§ Problem to solve:
Set the pictures aside and transcribe exactly the lines from the one containing "Rancho Los Guzman" through the final line of the records.

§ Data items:
= Beginning of Section =
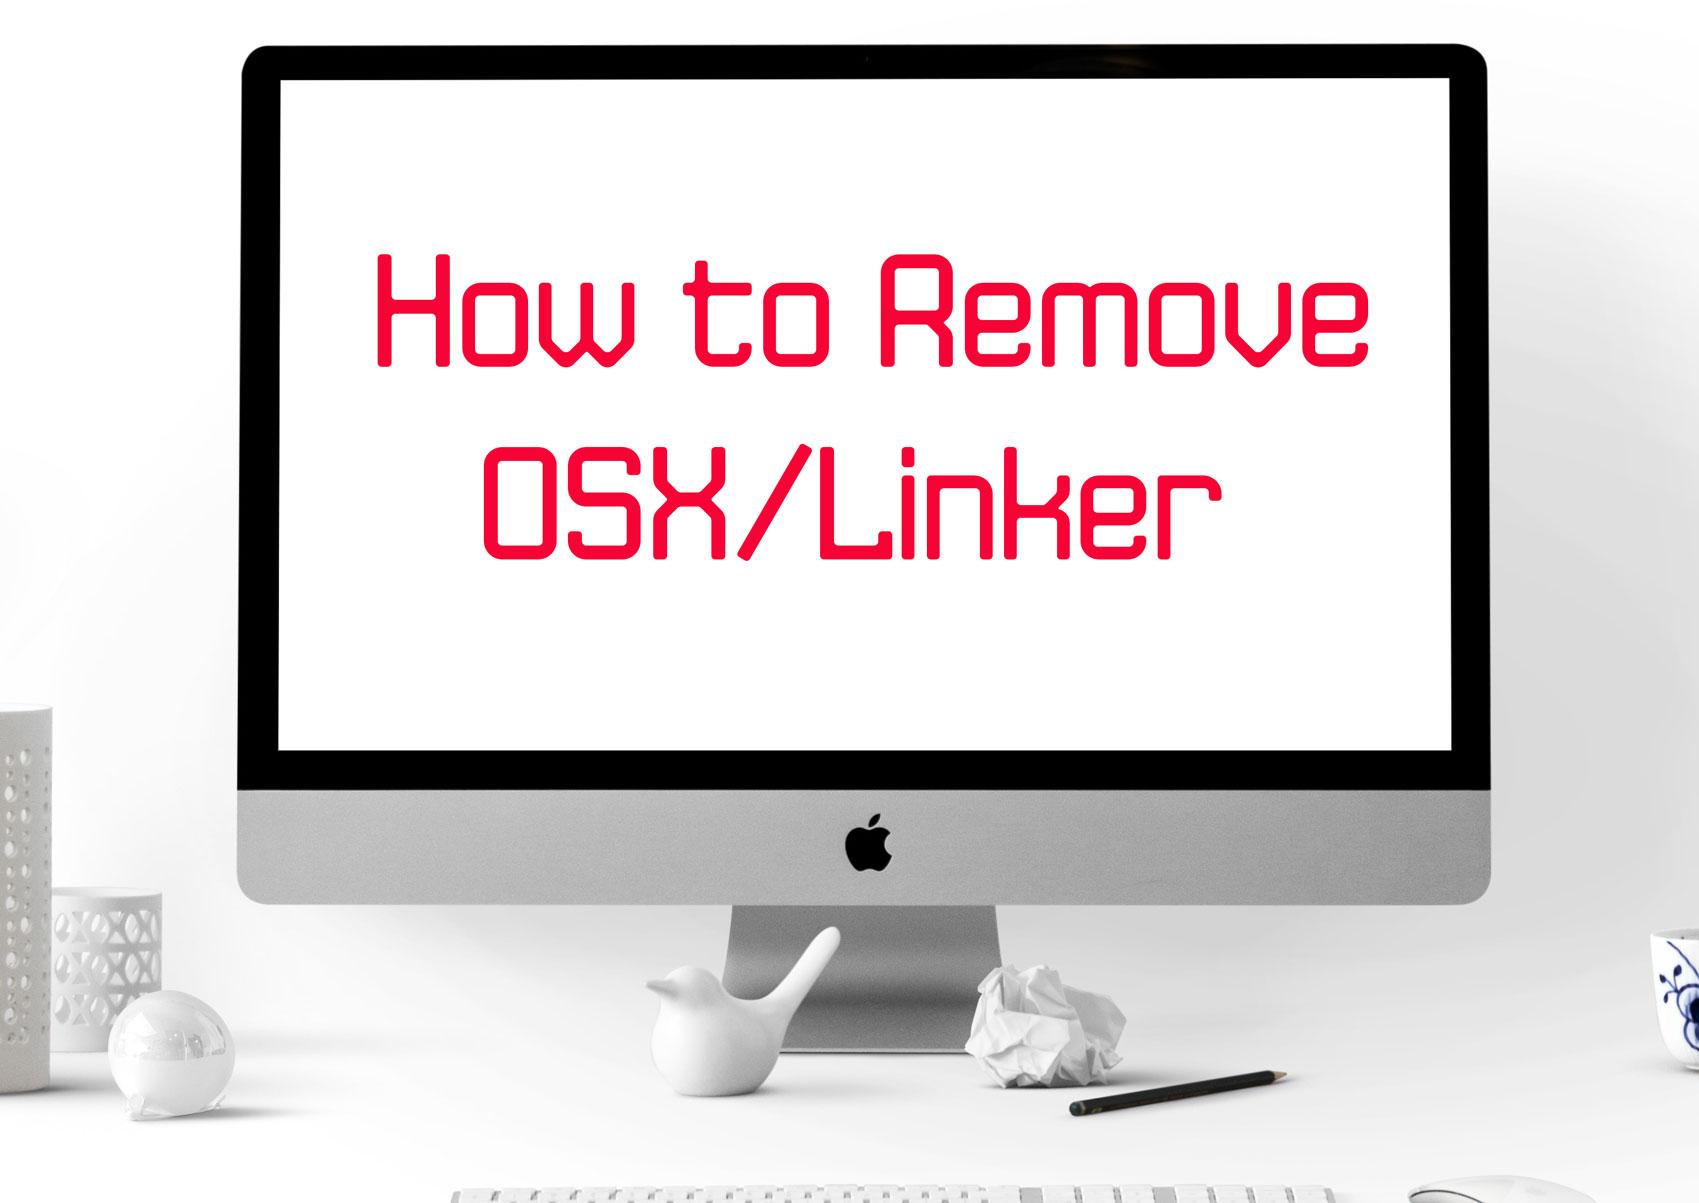 OSX/Linker Virus on Mac (Malware) – How to Remove It
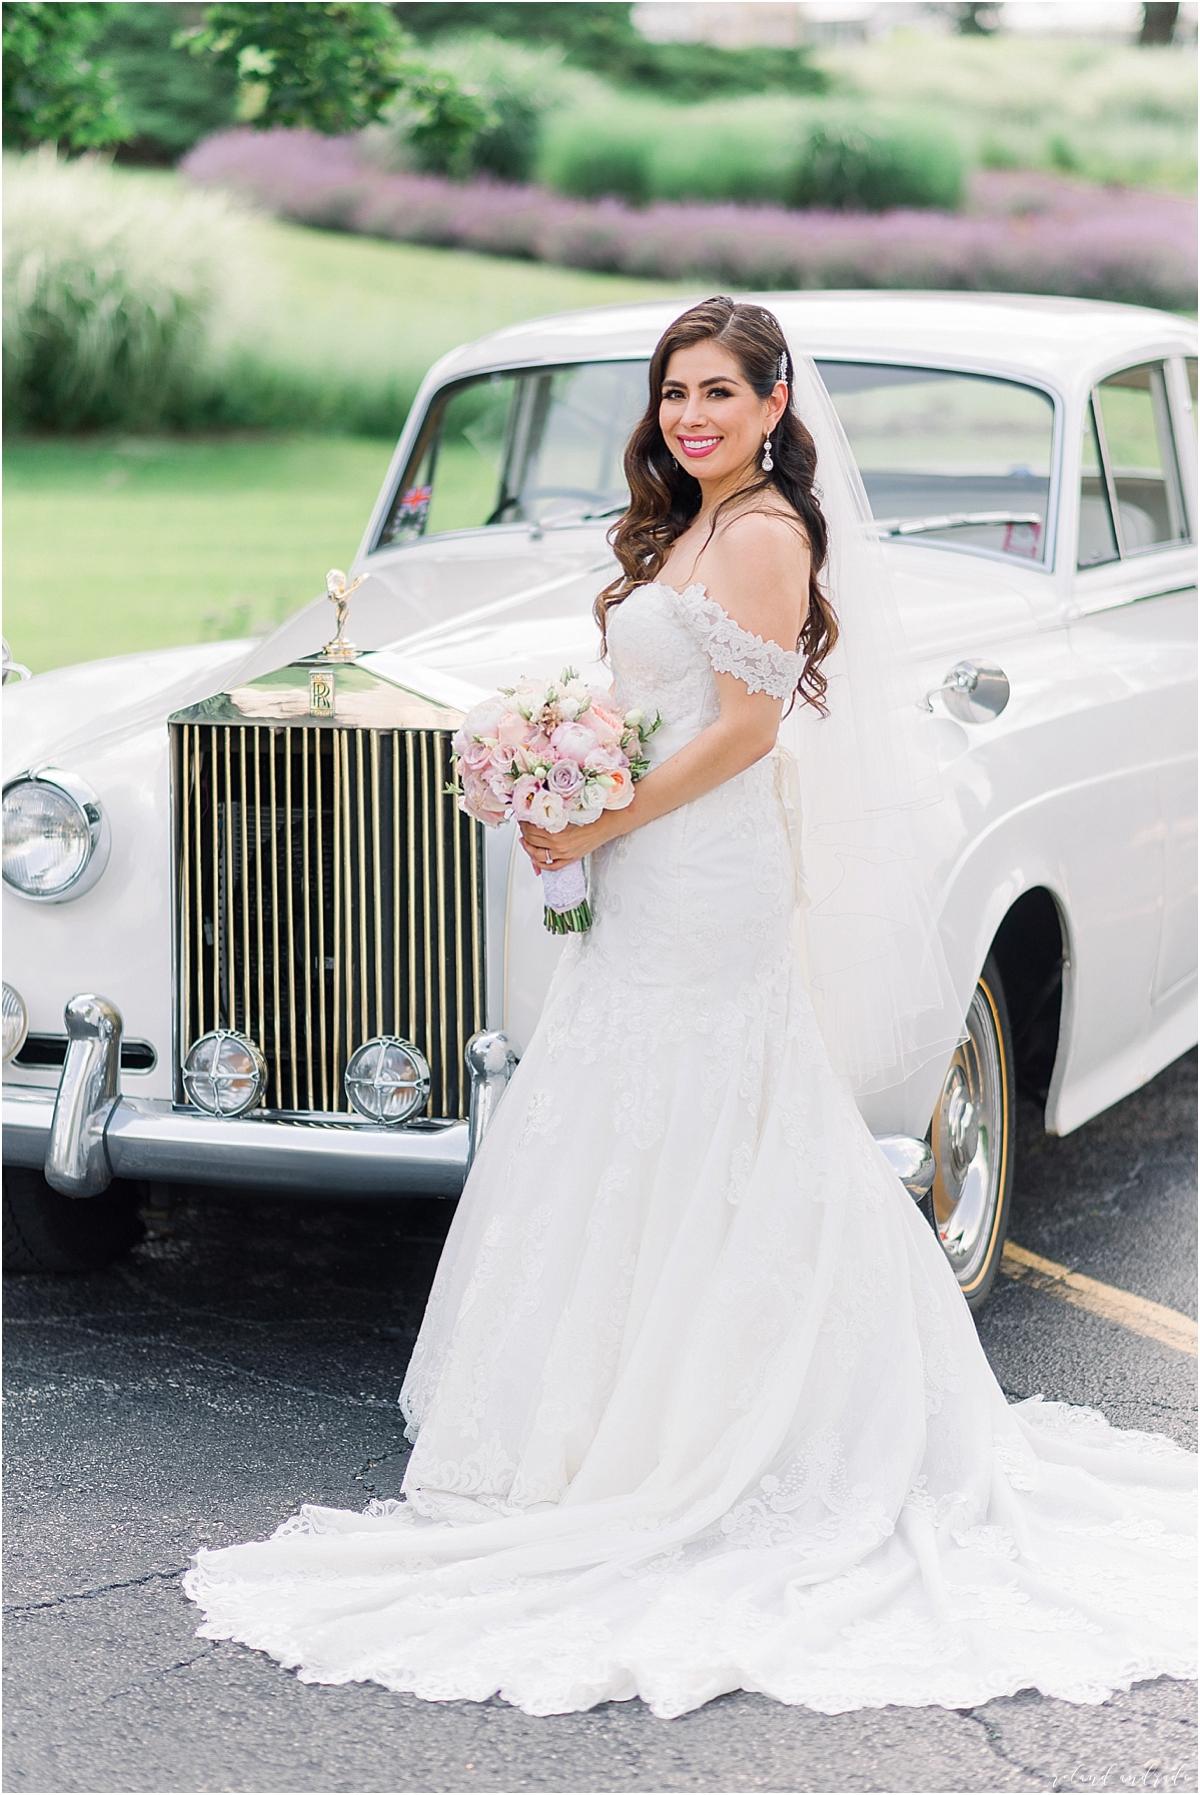 Rancho Los Guzman Wedding Joliet, Joliet Wedding, Joliet Wedding Photographer, Chicago Wedding Photographer, Best Photographer In Joliet, Best Photographer In Chicago, Light And Airy Photographer Chicago_0046.jpg
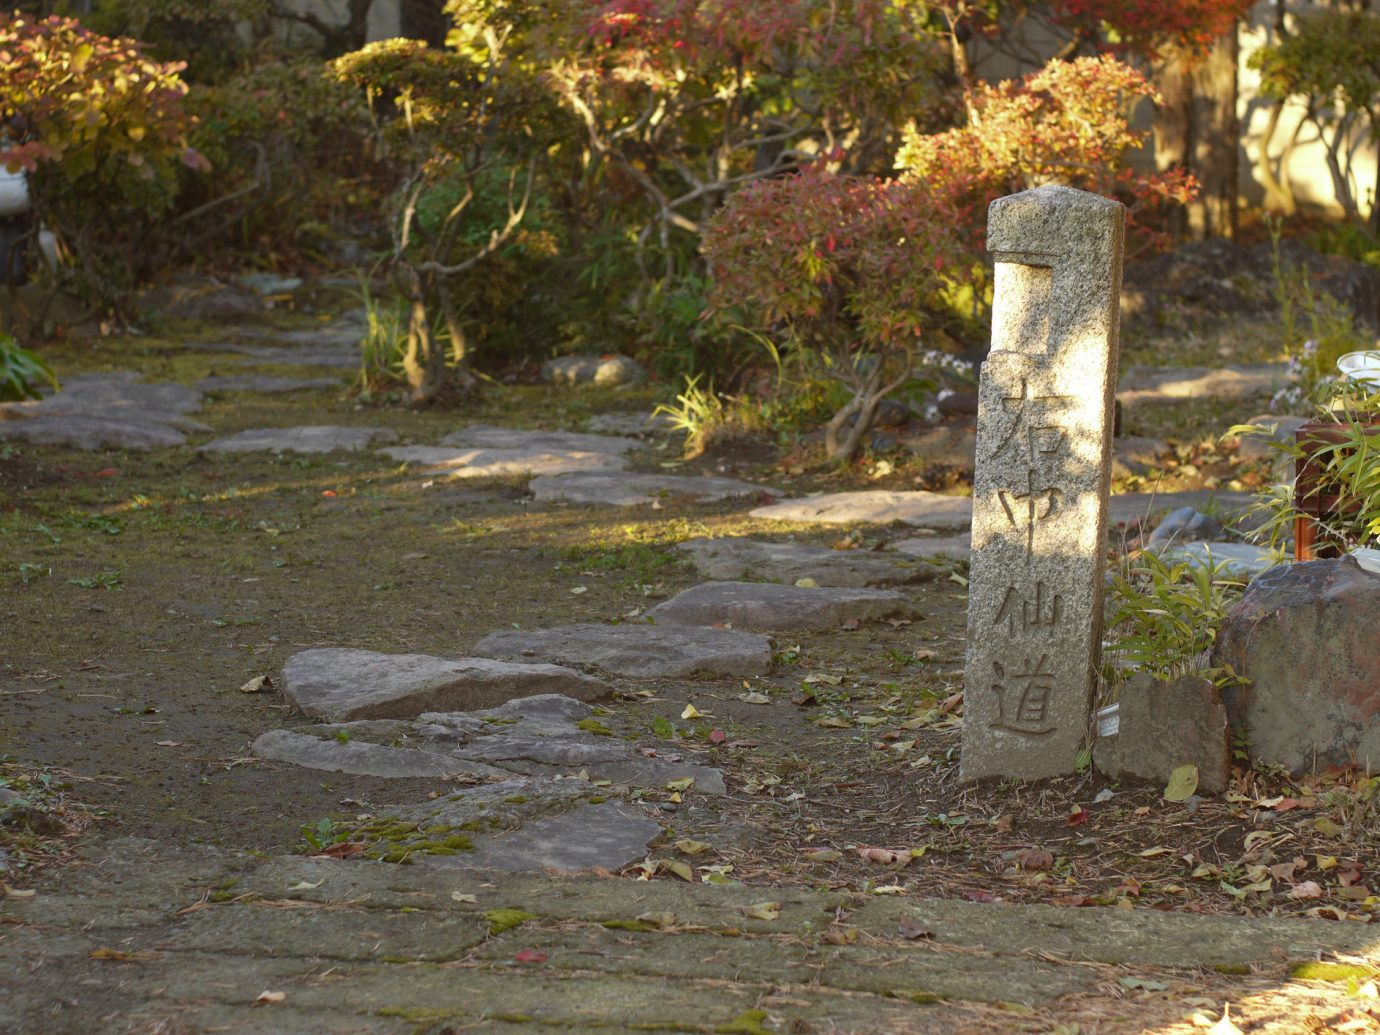 Trip Ideas outdoor tree ground grass season autumn leaf woodland Garden curb
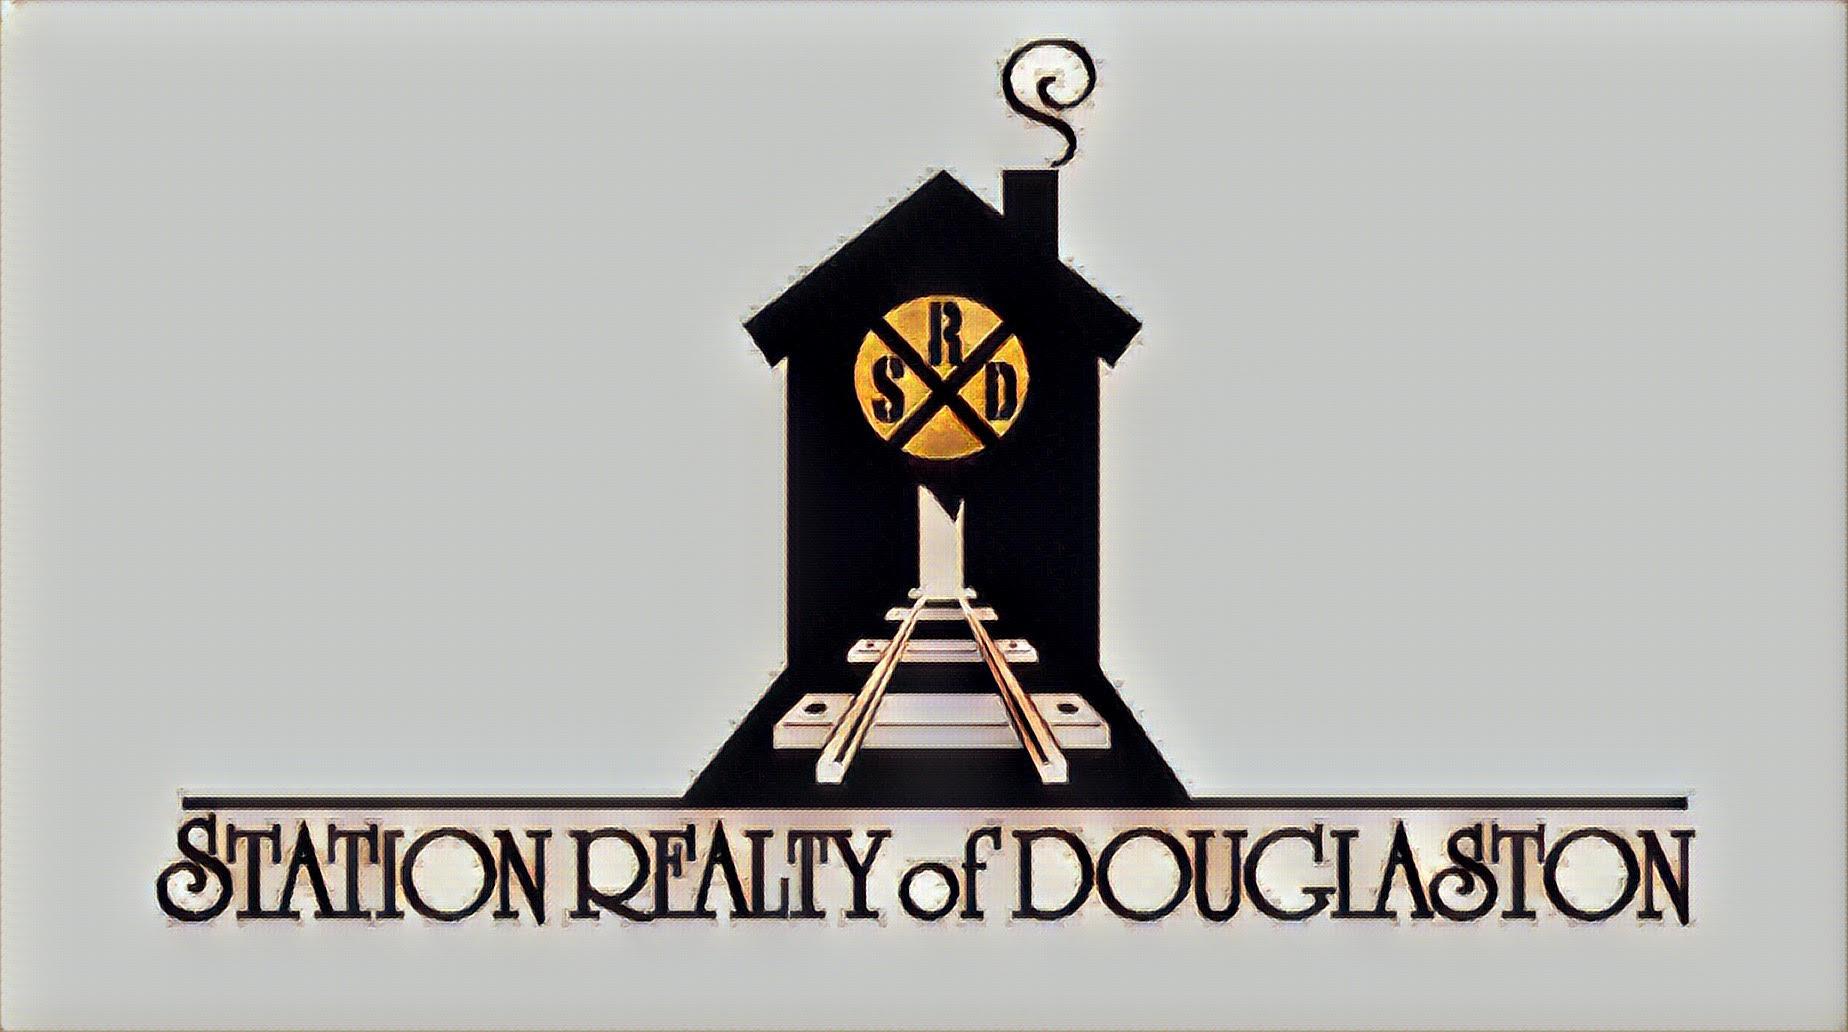 Station Realty of Douglaston
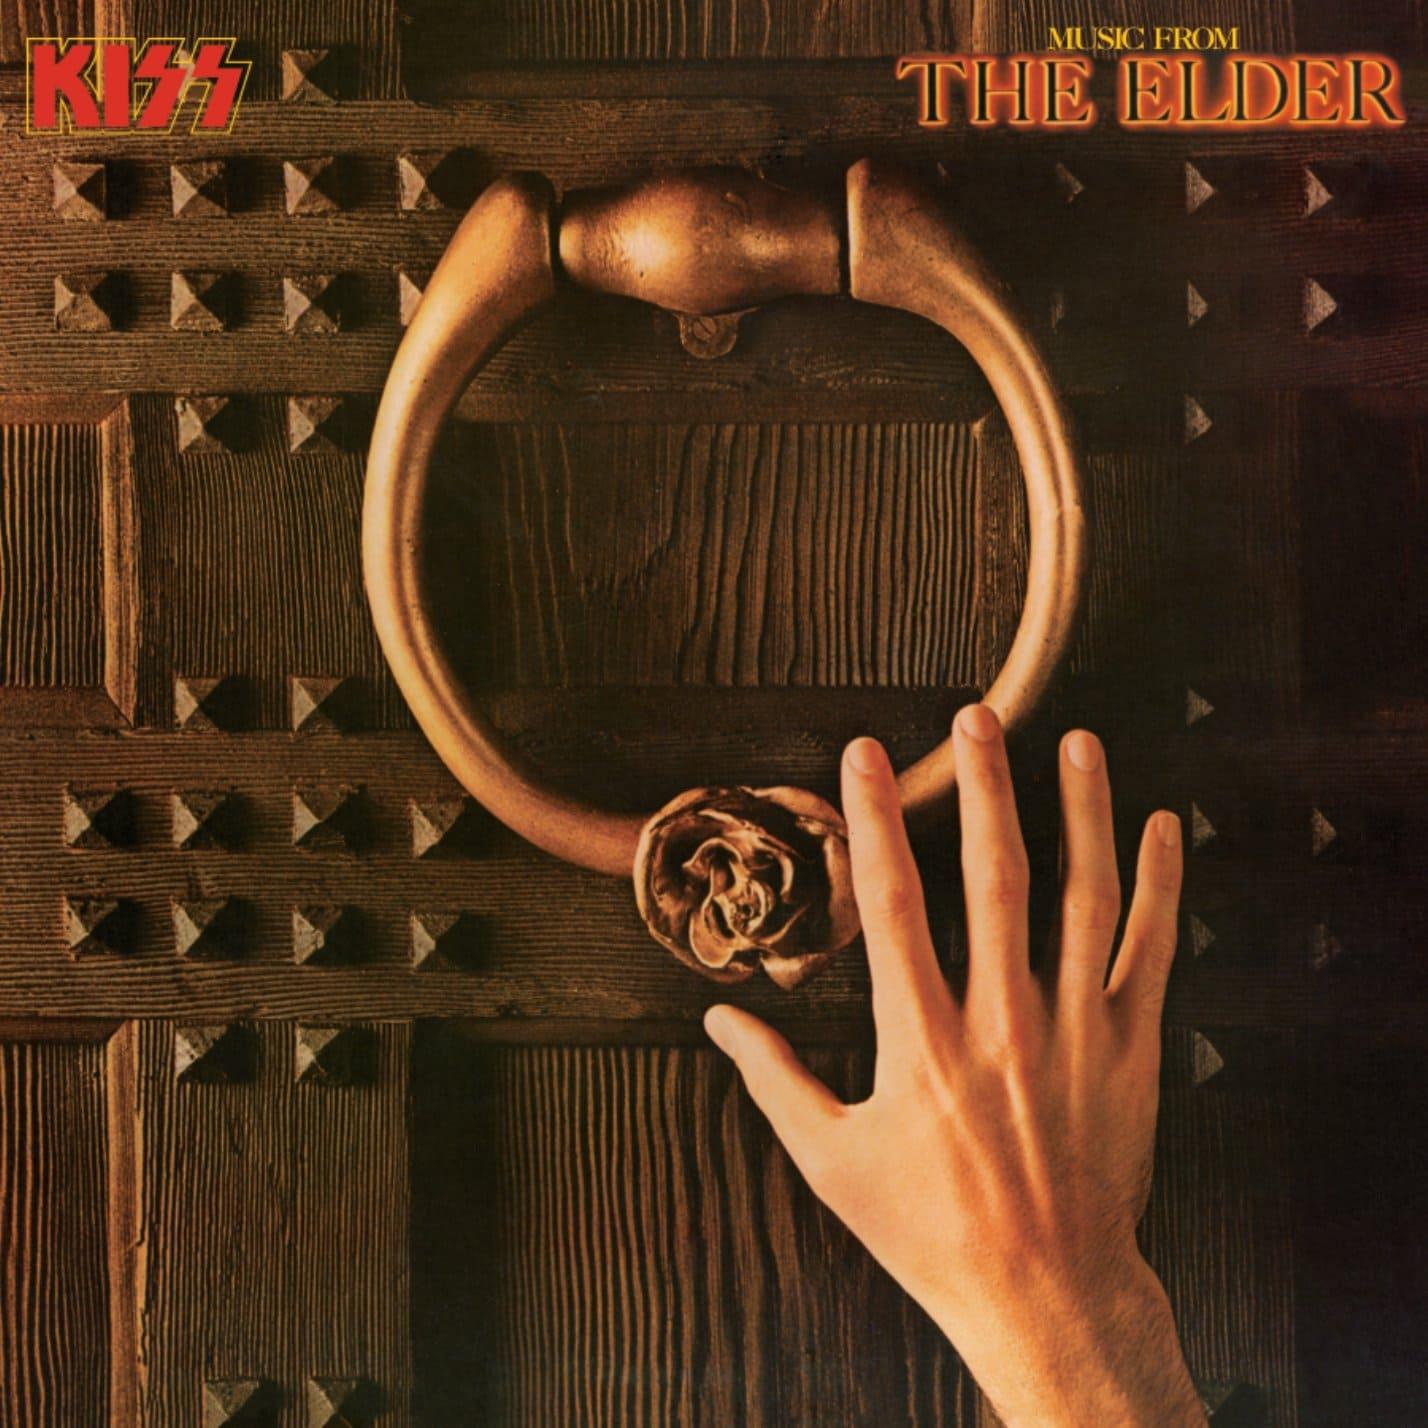 Music Fro The Elder Kiss
= End of Section =
§ Task result:
 Rancho Los Guzman Wedding Joliet, Joliet Wedding, Joliet Wedding Photographer, Chicago Wedding Photographer, Best Photographer In Joliet, Best Photographer In Chicago, Light And Airy Photographer Chicago_0046.jpg
 Trip Ideas outdoor tree ground grass season autumn leaf woodland Garden curb
 Station Realty of Douglaston
 Music Fro The Elder Kiss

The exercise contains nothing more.